"أن يتغير" - Traduction Arabe en Turc

    • değişmesi
        
    • değişmek
        
    • değişmesini
        
    • değişmemeli
        
    • değişemeyeceğini
        
    • değişmez
        
    • değişmeyecek
        
    • durum değişebilir
        
    • değişmeli
        
    Bu bana buralarda değişmesi gereken bir başka şeyi hatırlattı. Open Subtitles وهذا يذكرني.. بأن هناك شيء آخر يجب أن يتغير هنا..

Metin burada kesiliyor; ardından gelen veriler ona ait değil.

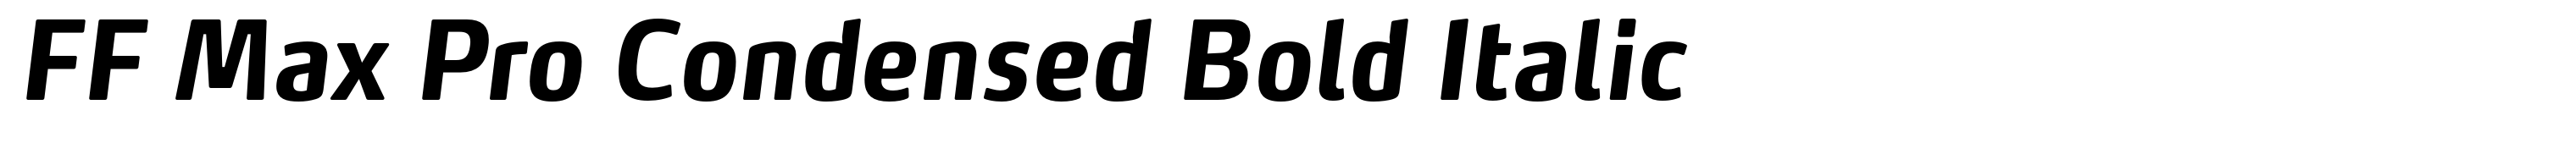 FF Max Pro Condensed Bold Italic

    Okul kurulu bir şeylerin değişmesi gerektiğini ifade ederek bir soruşturma başlatıyor. Open Subtitles مجلس إدارة المدرسة بدأ تحقيقًا ويقول بأن أمرًا ما يجب أن يتغير.

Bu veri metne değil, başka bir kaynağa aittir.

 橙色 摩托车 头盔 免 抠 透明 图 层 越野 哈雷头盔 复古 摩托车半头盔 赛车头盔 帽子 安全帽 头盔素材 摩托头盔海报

    Etrafa bakın. Oda, sandalyeler, odun. Etrafımızdaki her şey değişmek zorunda veya biz bu problemi çözemeyeceğiz. TED أنظر حول الغرفة، الكراسي، الخشب كل شئ حولنا يجب أن يتغير أو أننا لن نقدر على إمتصاص هذه المشكلة
    Sende hoşlandığım o şeyin değişmesini istemiyorum. Open Subtitles لكن أقصد لا أريد لذلك الشئ الذي أحبه فيكِ أن يتغير
    Bak aramızdaki herşey sadece bir gece yüzünden değişmemeli. Open Subtitles انظرى, لا يجب أن يتغير ما بيننا بسبب ليلة واحدة
    Birimizin bile değişemeyeceğini mi düşünüyorsun? Open Subtitles الآ تعتقد أن أحدنا يمكن أن يتغير ؟
    değişmez bir biçimde, yeni bir teknolojiyi sürdüğüm zaman dünya değişik bir yer oldu. TED و أنه وباستمرار، على العالم أن يتغير عندما أقدم تكنولوجيا جديدة.
    Bu asla değişmeyecek. Open Subtitles أنتِ تعنين العالم لي، ذلك لا يمكن أن يتغير
    Profesyonel olursam bu durum değişebilir. Open Subtitles يمكن أن يتغير هذا إذا أصبحت لاعباً محترفاً
    Kafanın içinde neler döndüğünü bilmiyorum ama bir şeyler değişmeli. Open Subtitles لا اعلم ما الذي يدور في عقلك, لكن على شيء ما أن يتغير.
    Hayır, her şeyim ama o değil. Ve bunun değişmesi gerekebilir. Open Subtitles لا، أنا كل شيء إلا هذا وربما على هذا أن يتغير
    Hala fonun dışındayız, evet, eninde sonunda değişmesi gereken kurumsal silah lobisi tarafından. TED نحن نعاني من نقص الموارد المالية نتيجة تأثير مجموعة ضغط شركات الأسلحة وفي النهاية هذا يجب أن يتغير.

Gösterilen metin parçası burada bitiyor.